Pasión inconveniente, n.º 1962 - febrero 2014
Título original: An Inconvenient Affair
Publicada originalmente por Harlequin Enterprises, Ltd.
Publicada en español en 2014
Todos los derechos están reservados incluidos los de reproducción, total o parcial. Esta edición ha sido publicada con autorización de Harlequin Books S.A.
Esta es una obra de ficción. Nombres, caracteres, lugares, y situaciones son producto de la imaginación del autor o son utilizados ficticiamente, y cualquier parecido con personas, vivas o muertas, establecimientos de negocios (comerciales), hechos o situaciones son pura coincidencia.

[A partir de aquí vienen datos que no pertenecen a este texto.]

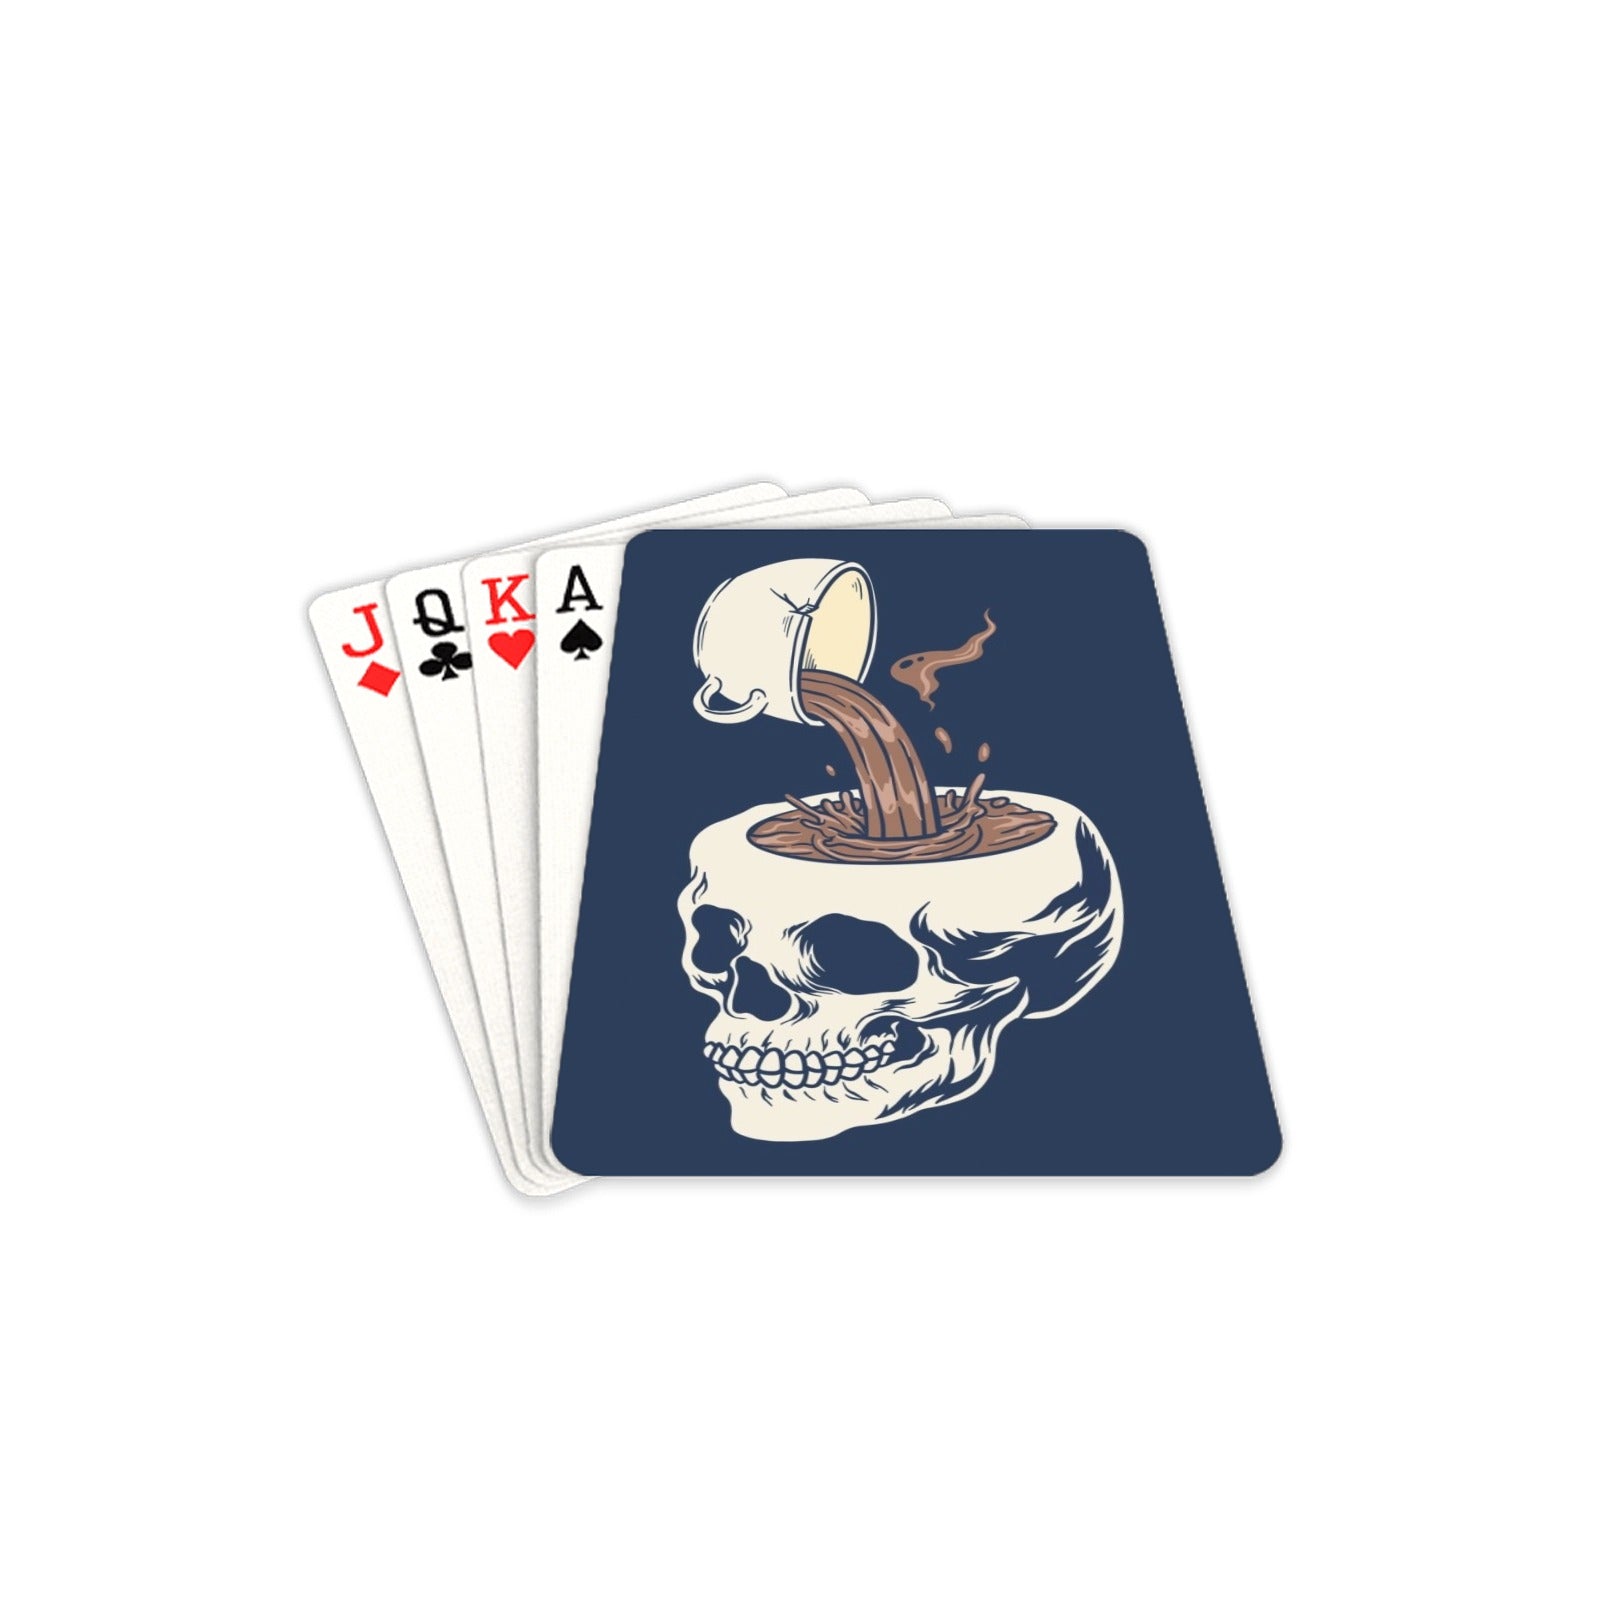 Skull Coffee - Playing Cards 2.5"x3.5" Playing Card 2.5"x3.5"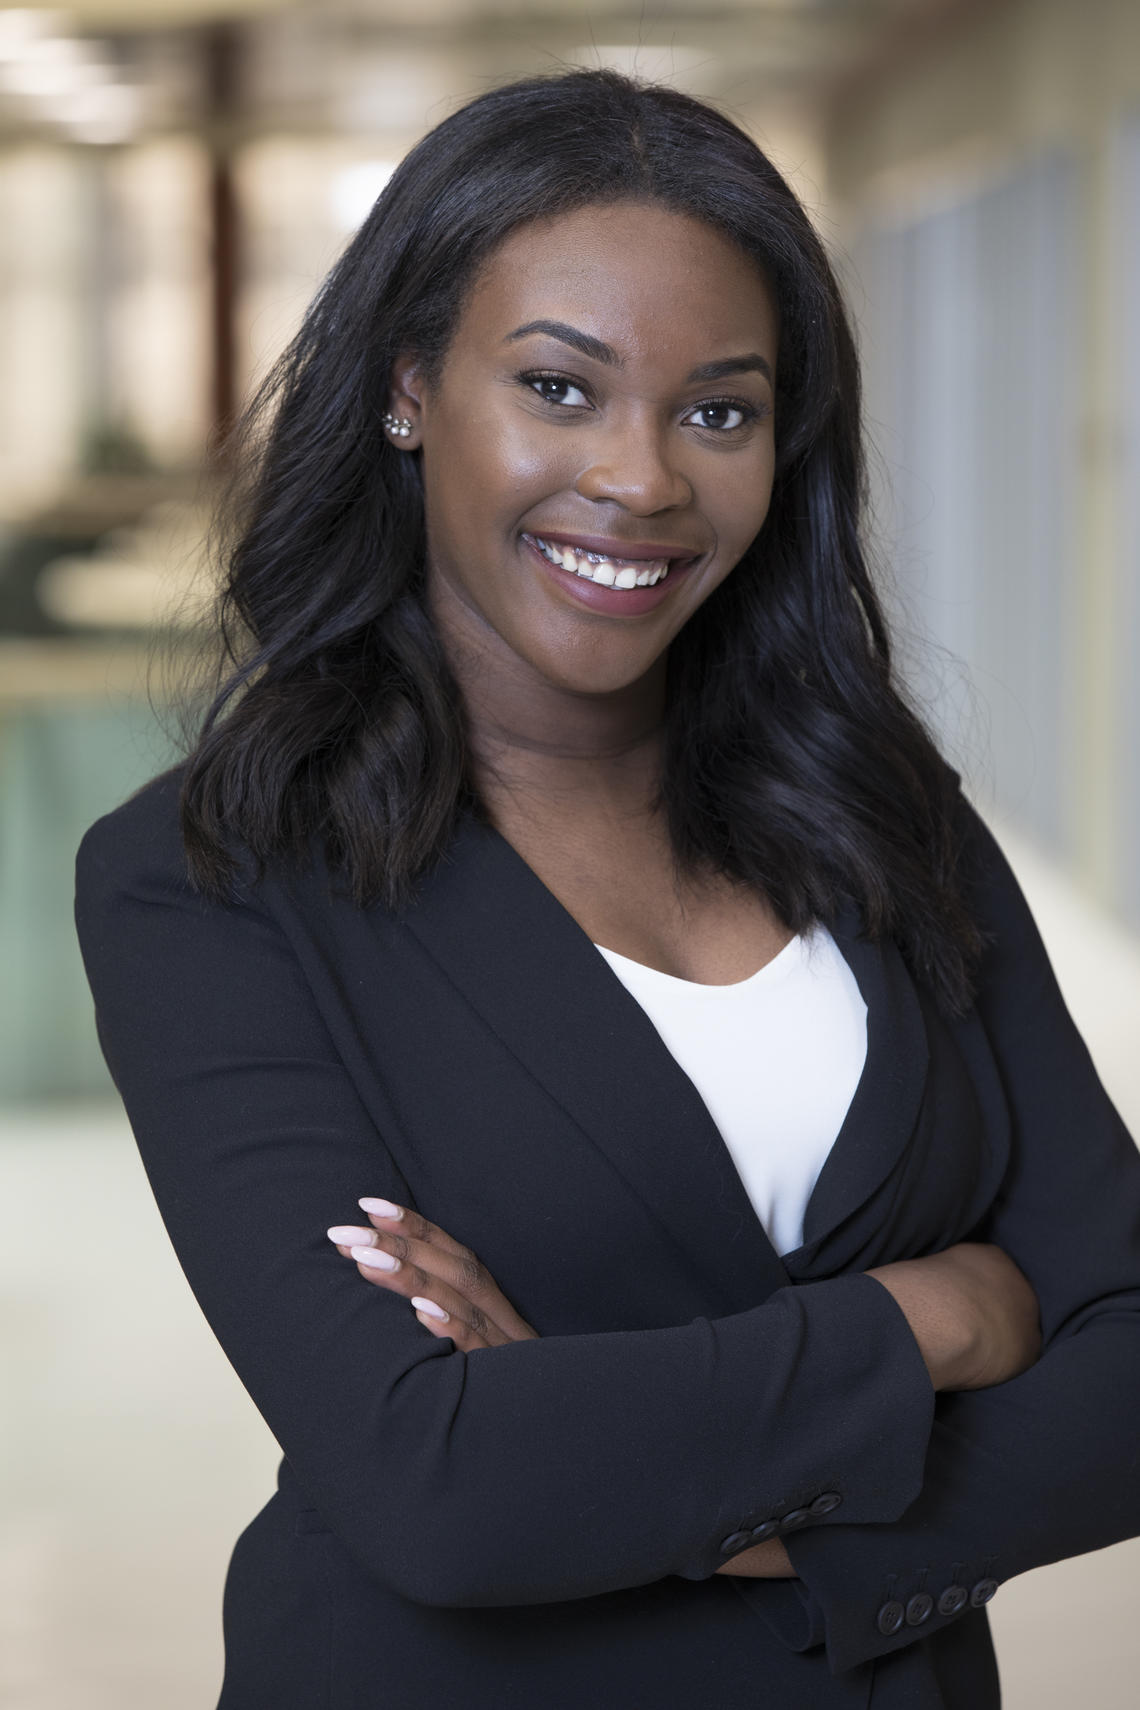 Chidera Nwaroh, MSc student in medical science at the University of Calgary, is competing with her talk, A Virtual Biopsy: Detecting Metabolite Changes in the Brain.

® Harlequin, Harlequin Deseo y logotipo Harlequin son marcas registradas propiedad de Harlequin Enterprises Limited.
® y ™ son marcas registradas por Harlequin Enterprises Limited y sus filiales, utilizadas con licencia. Las marcas que lleven ® están registradas en la Oficina Española de Patentes y Marcas y en otros países.
Imagen de cubierta utilizada con permiso de Harlequin Enterprises Limited. Todos los derechos están reservados.
I.S.B.N.: 978-84-687-4039-3
Editor responsable: Luis Pugni
Conversión ebook: MT Color & Diseño
Escuela militar de Carolina del Norte
Hace 17 años
Le habían afeitado la cabeza y enviado a un reformatorio.
¿La vida podía ser peor? Probablemente. Dado que solo tenía quince años, le quedaban años bajo el yugo del sistema para averiguarlo.
De pie en la puerta que conducía a los barracones, Troy Donavan examinó la habitación en busca de su estantería. Algunas de las doce literas de la estancia estaban ocupadas por tipos con las cabezas afeitadas como la suya; otra victoria de su querido padre al conseguir librarse del pelo largo de su hijo. Que nadie se atreviese a avergonzar al todopoderoso doctor Donavan. Aunque pillar al hijo del ilustre doctor colándose en el sistema informático del Departamento de Defensa llevaba la vergüenza pública a un alto nivel.
Y ahora le habían enviado a aquella cárcel disfrazada de escuela militar en las colinas de Carolina del Norte, según el acuerdo al que había llegado con el juez en su Virginia natal. Un juez al que su padre había comprado. Troy agarró su bolsa de viaje con fuerza e intentó resistir la necesidad de pegarle un puñetazo a la ventana para poder respirar.
Maldita sea, estaba orgulloso de lo que había hecho. Terminaría el instituto en aquel lugar estirado, pero si sacaba buenas notas y no se metía en problemas hasta cumplir los veintiuno recuperaría su vida.
Simplemente debía sobrevivir a aquel lugar sin que le explotara la cabeza.
Litera tras litera, caminó hasta la última fila, donde encontró «Donavan, T. E.» impreso en una etiqueta pegada al pie de la cama. Dejó la bolsa en la cama de abajo.
Por un lado de la litera de arriba asomó un pie metido en un zapato impecable.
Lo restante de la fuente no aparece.